In the final image of Life? or Theatre?, Charlotte sits before a deep expanse of ocean, her back turned, kneeling before paper and a paintbrush. The accompanying text reveals Charlotte’s response to a growing sense of desperation and need for solitude to create the work that would act as a form of therapy:
She had to vanish for a time from the human surface and make every sacrifice to create her world anew out of the depths.
And from that came:
The Life or the Theatre???
Life or Theatre?
This also suggests a cyclical motion in the text: the figure, the fictional Charlotte, seems to be poised to begin painting Life? or Theatre? on a translucent page, the blue of the ocean visible through it. The place where she made Life? or Theatre? is evident in the painted ultramarine blue sea and sky, and the grey and red-bronze of the landscape that are the archetypal colours of the Côte d’Azur, with echoes of Matisse, Cezanne and Dufy.
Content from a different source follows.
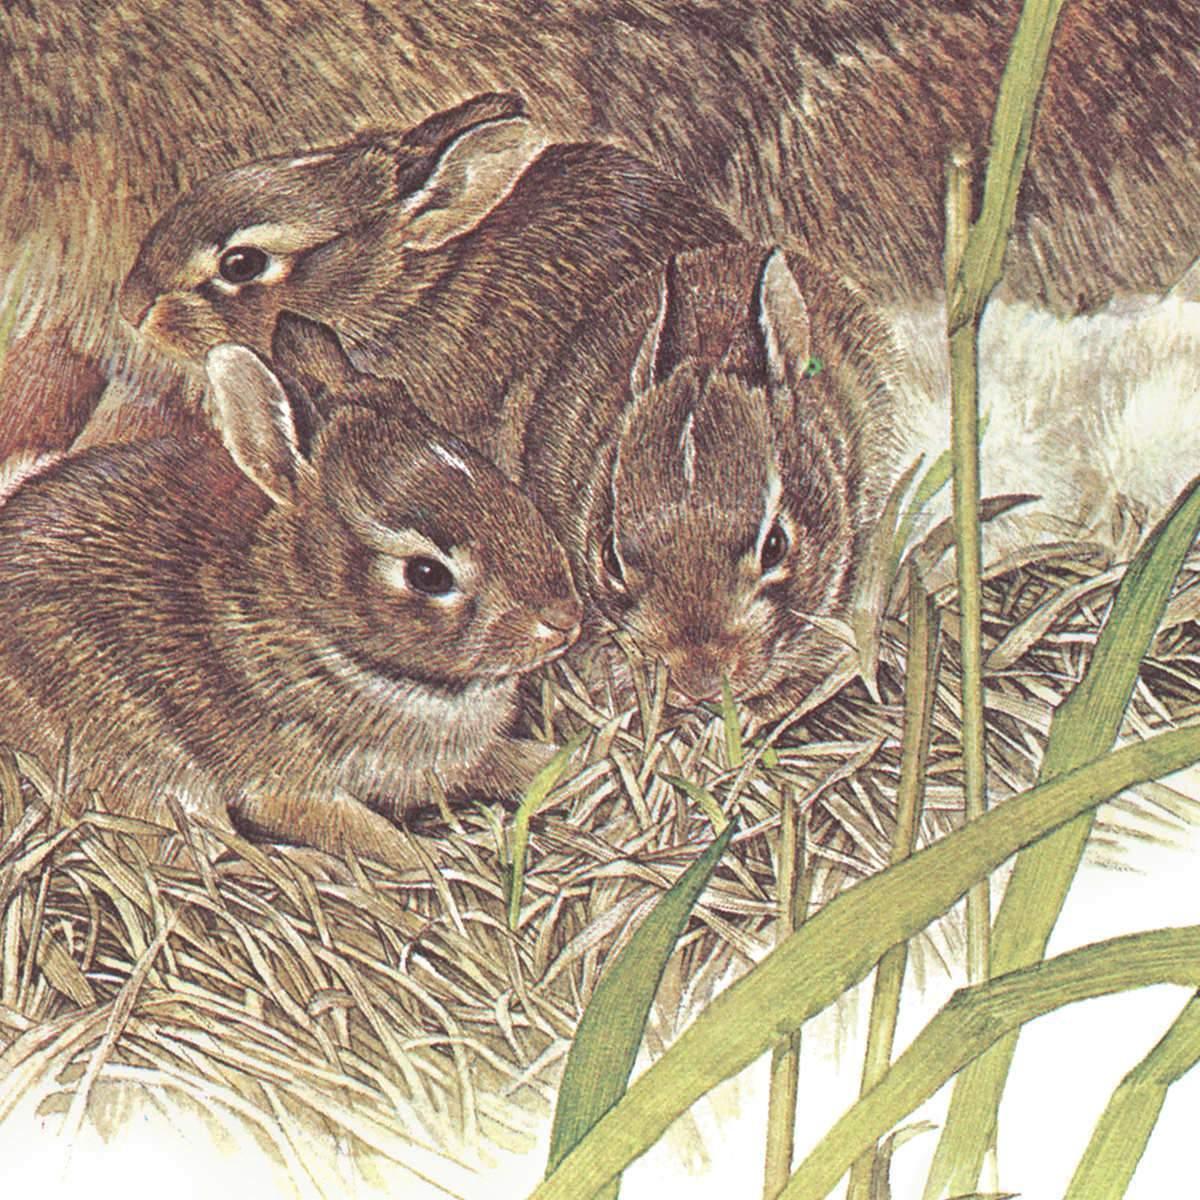 Cottontail Rabbit - Canvas Print | Artwork by Glen Loates

This is a ‘luminous geography’, in Pollock’s words, but one that is clouded by Salomon’s looming fate that we cannot help but think of: Salomon depicts Charlotte as choosing life, which for the artist herself will soon be prematurely and horrifyingly terminated.
On the figure’s back, however, the words ‘leben oder theater’ are painted. There, no question marks remain. Has she – the character but also perhaps the artist – found her answers, and some semblance of peace? The possible meaning of ‘theatre’ seems to shift from initially being a ‘form in which her emotions can be securely expressed’, as it is in the Prelude, to a state of unapologetic escapism which Salomon would appear to vehemently criticise: if one cannot recognise that humans are capable of inflicting mass destruction and annihilation of human culture and civilisation, then one is living in a ‘theatre’. Life? or Theatre? is therefore about far more than a blurring of fiction and reality: this act of merging is a way of refabricating lost lives, and forging her own sense of self, both as a woman and as an artist.